The variable TCLASS was introduced as a main effect and as an interaction with AGE and EYEAR. Other and higher interactions were not considered, because this did not increase model plausibility while considerably increasing complexity. TCLASS was dummy-coded with trend class −1 as the reference, i.e. TCLASS(0), TCLASS(1), and TCLASS(2) have the value 1 if a plot is in trend class 0, 1, and 2, respectively, and the value 0 otherwise.

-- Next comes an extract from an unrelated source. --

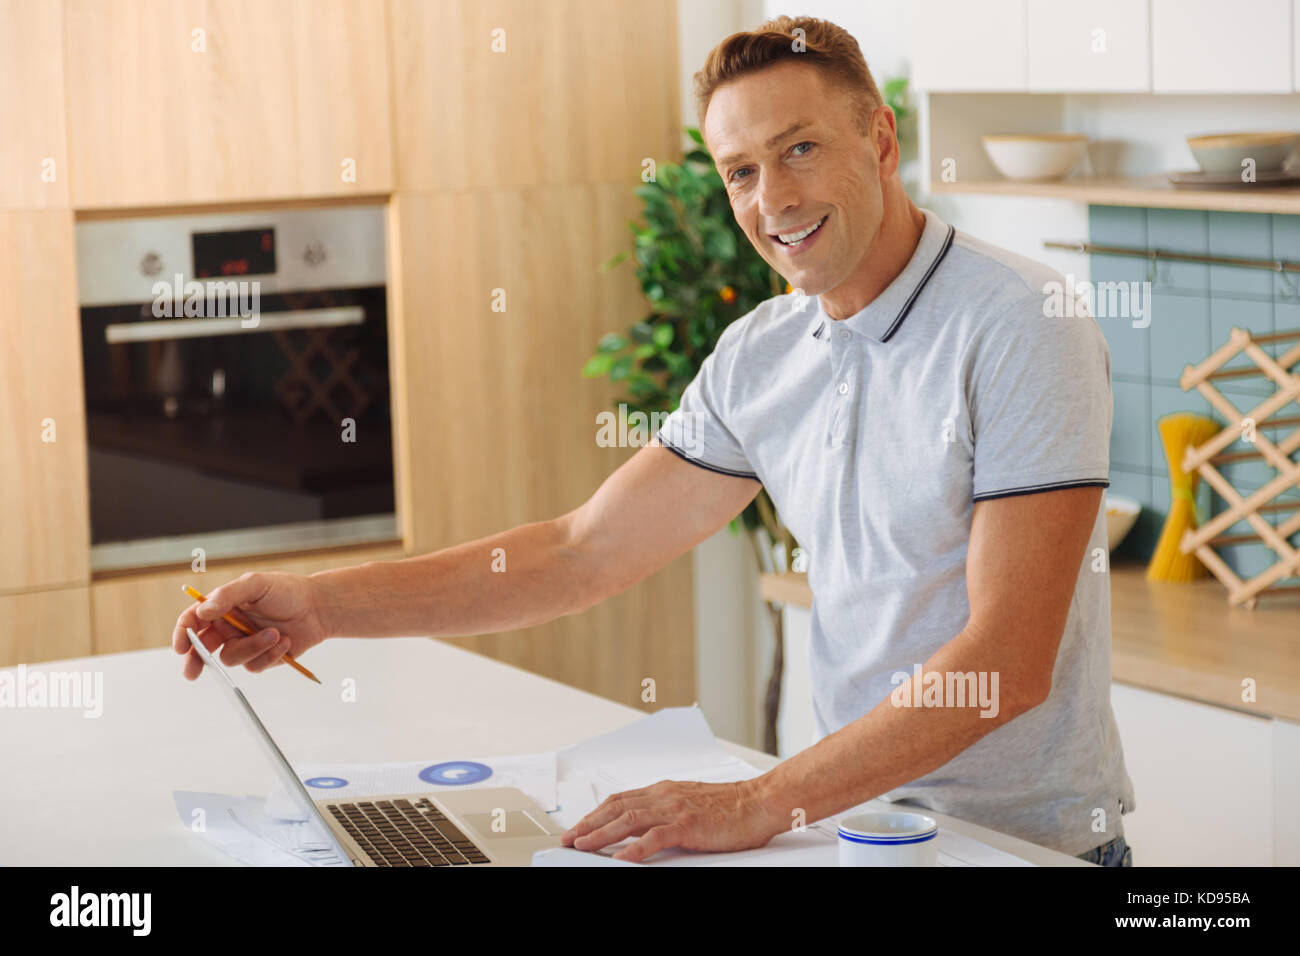 Cheerful positive man opening his laptop Stock Photo

When fitting the model, we followed a strict procedure77, starting with the full model as described above and leaving out non-significant effects, beginning with the most complex model components (interactions). When there were significant interactions where the contributing main effects were not significant, both the interactions and main effects were kept in the model. As the choice of the reference level of a dummy-coded variable is arbitrary and does not change the model’s goodness-of-fit, the decision was always made regarding the significance of the whole variable TCLASS, not its single levels. This procedure yielded the following model (we keep the numeration of the parameters from Eq. (6) in order to facilitate comparison):

$$\mathrm{ln}\left({\text{PAI}}_{ijk}\right)={a}_{0}+{a}_{2}\cdot {\text{AGE}}_{ijk}+{a}_{3}\cdot {\text{EYEAR}}_{ij}+{a}_{5}\cdot {\text{TCLASS(0)}}_{ij}+{a}_{6}\cdot {{\text{TCLASS}}\left(1\right)}_{ij}+{a}_{7}\cdot {\text{TCLASS(2)}}_{ij}+{(a}_{8}\cdot {\text{TCLASS(0)}}_{ij}+{a}_{9}\cdot {\text{TCLASS(1)}}_{ij}+{a}_{10}\cdot {\text{TCLASS(2)}}_{ij})\cdot {\text{AGE}}_{ijk}+({a}_{11}\cdot {\text{TCLASS(0)}}_{ij}+{a}_{12}\cdot {\text{TCLASS(1)}}_{ij}+{a}_{13}\cdot {\text{TCLASS(2)}}_{ij})\cdot {\mathrm{EYEAR}}_{ij}+{b}_{i}+{\varepsilon }_{ijk}.$$
(9)

As a result of the fitting process described above, two terms from the original models (Eq. 6) were dropped: the term \({a}_{1}\cdot \mathrm{ln}({\text{AGE}}_{ijk})\) leading to a simplification of the original Hugershoff model, and the interaction term \({a}_{4}\cdot {\text{AGE}}_{ijk}\cdot {\text{EYEAR}}_{ij}\). The model contains only the random effect \({b}_{i}\) accounting for correlation at the trial level; a random effect on the plot level was not included for the same reasons as for the overarching model (Eq. 7). See Supplementary Table 10 for the parameter estimates and Fig. 3 for a visualization of model predictions.